In addition, using the clinical information of experimental data, Cox proportional hazard regression analysis was used to evaluate the independent prognostic value of HSPA8.This study demonstrated that the high HSPA8 transcriptional was independently correlated with significantly shorter OS (p = 0.0035) for TNBC (Table 2). The HSPA8 transcriptional level was confirmed to be an independent prognostic factor for the overall survival of patients with TNBC.

Table 1

Logistic analysis of the relationship between HSPA8 expression and clinical parameters in TNBC.
Characteristics	Odds Ratio (OR)	P-value
Age( < = 60vs. >60)	0.991(0.209–3.568)	0.144
Menstruation(N0 vs Menopause)	0.444(0.137–1.219)	0.137
AJCC stage (Stage IV& Stage III vs.Stage II & Stage I)	5.846(2.322–15.641)	< 0.001
Lymph node metastasis(No vs Yes)	6.361(2.021–28.238)	0.004
Histologic grade (III vs. I&II )	2.287(0.874–6.775)	0.108
CK5/6	7.666(2.439–34.021)	0.002
Distant metastasis (No vs Yes)	--	0.992
HSPA8 expression (low vs high)	3.991(1.601–10.733)	0.004

Table 2

Cox regression analysis of variables for OS in TNBC patients
Characteristics	Univariate analysis		Multivariate analysis
Characteristics	Hazard ratio(95%CI)	P-value	Hazard ratio(95%CI)	P-value
Age( < = 60vs. >60)	0.89(0.27–2.97)	0.853	--	--
Menstruation(N0 vs Menopause)	0.46(0.17–1.22)	0.119	0.47(0.18–1.25)	0.129
AJCC stage (Stage IV& Stage III vs.Stage II & Stage I)	4.35(1.94–9.76)	< 0.001	4.48(1.53–13.18)	0.006
Lymph node metastasis(No vs Yes)	5.3(1.59–17.67)	0.007	4.90(1.36–47.65)	0.015
Histologic grade (III vs. I&II )	2.13(0.86–5.32)	0.104	0.55(0.18–1.73)	0.308
CK5/6 expression (No vs Yes)	6.59(1.98–21.98)	0.002	9.00(2.02–40.22)	0.004
Distant metastasis (No vs Yes)	--	0.997	--	--
HSPA8 expression (low vs high)	3.23(1.4–7.44)	0.006	2.92(1.26–6.77)	0.013

Diagnostic Significance of HSPA8 Expression in TNBC

Next, the HSPA8 diagnostic significance in different clinical features of TNBC patients was evaluated.Using the results of multi-factor Cox analysis ,we established a nomogram combining HSPA8 expression and key clinical factors to estimate the 1-year, 3-year and 5-year survival of TNBC patients (Figs. 5G). A higher nomogram score for OS indicated a worse prognosis .And the C-index is 0.801.The calibration curve of the nomogram is very close to the 45-degree line, indicating that the nomogram is well calibrated.More specifically(Figs. 5D-5F).ROC analysis reveals that the survival line chart can accurately predict the 1 year, 3 year and 5 year survival rates of patients with TNBC.Their AUC values are 0.9, 0.824, 0.823 respectively.(Fig. 5A-5C) .These results implied that the transcriptional level of HSPA8 was relatively sensitive and specific for the diagnosis of TNBC.

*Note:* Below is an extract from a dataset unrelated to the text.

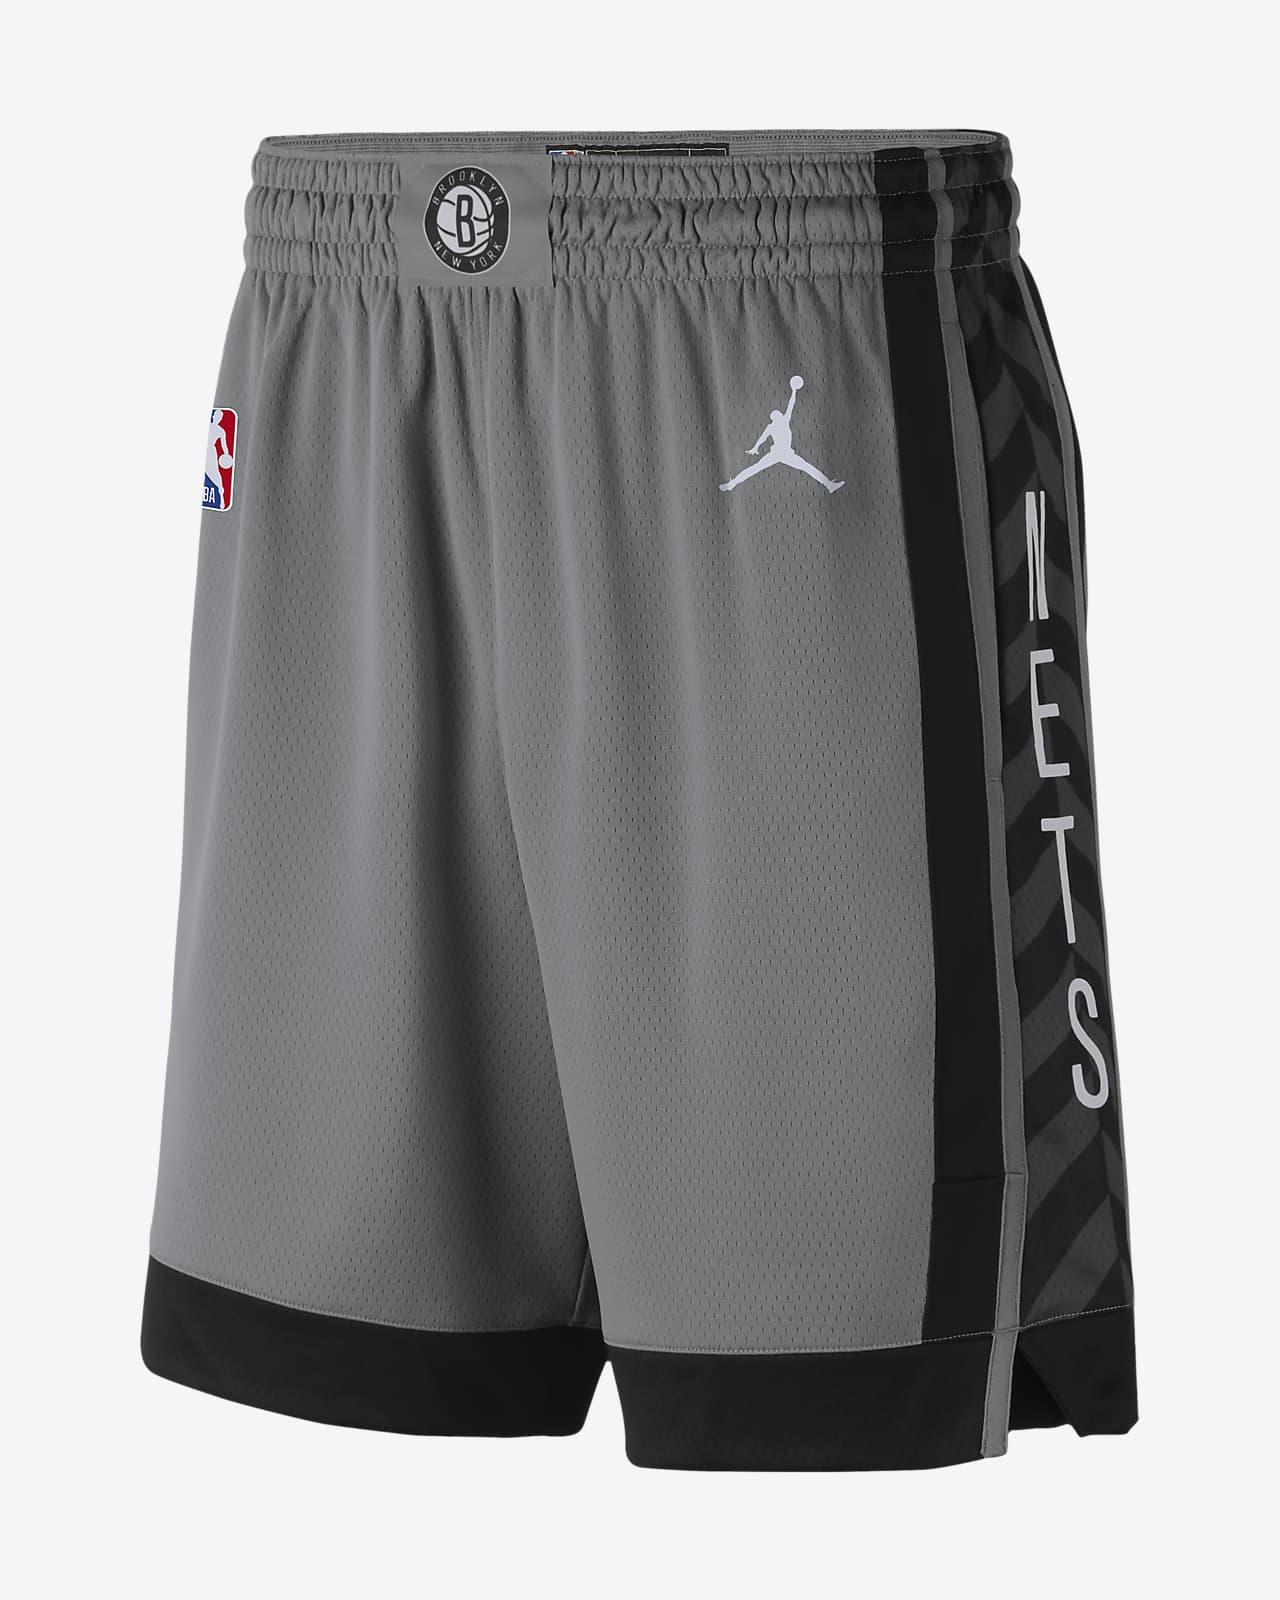 Spodenki męskie Jordan NBA Swingman Nets Statement Edition 2020

Identification of Differentially Expressed Genes

To explore the abnormal changes in downstream pathways caused by TNBC differential genes, three GEO data sets (GSE86945, GSE106977 and GSE102088, containing 233 TNBC samples and 114 normal breast tissue samples) were selected.4691 DEGs were detected in TNBC and normal breast specimens, of which 2337 DEGs expression was up-regulated and 2354 DEGS expression was down-regulated.These results generate volcanic charts and bar charts, which visually show the distribution of DEGs.(Figs. 6A, 6C), and heatmaps depicted the top 100 significantly up-regulated and down-regulated DEGs (Figs. 6B).The top 1000 down-regulated DEGs and the top 1000 up-regulated DEGs were input into STRING database for analysis.The hub genes were screened by Degree algorithm in CytoHubba in Cytoscape software( Degree genes ≧ 50 as the screening standard) (Figs. 6D).Among them, HSPA8 is one of the top five hub genes (Figs. 6D).

Enrichment Analysis of HSPA8 and TNBC differential genes

To further clarify the potential mechanisms of in the progress of TNBC, we used GO and KEGG techniques to predict the functions and pathways of the 50 hub genes. The biological processes for these genes were predominantly enriched in translation initiation, mRNA catabolism of nuclear transcription, SRP-dependent cotranslation protein targeting membrane, rRNA processing and so on (Fig. 7A).Enrichment analysis demondtrated that HSPA8 was involved in partner-mediated autophagy, mRNA catabolism, neutrophil activation, immune response, protein targeting, RNA splicing, RNA catabolism and other biological processes (Fig. 7B).The results of KEGG enrichment revealed several main pathways: ribosome, RNA transport, estrogen signal pathway, PI3K-Akt signal pathway, antigen processing and presentation, proteoglycan in cancer (Fig. 7C).The genes corresponding to the pathway are listed, such as HSP90AA1 and HSPA8 are involved in the estrogen signal pathway (Fig. 7D).All the above-enriched pathways were markedly related to the occurrence and evelopment of malignant tumors.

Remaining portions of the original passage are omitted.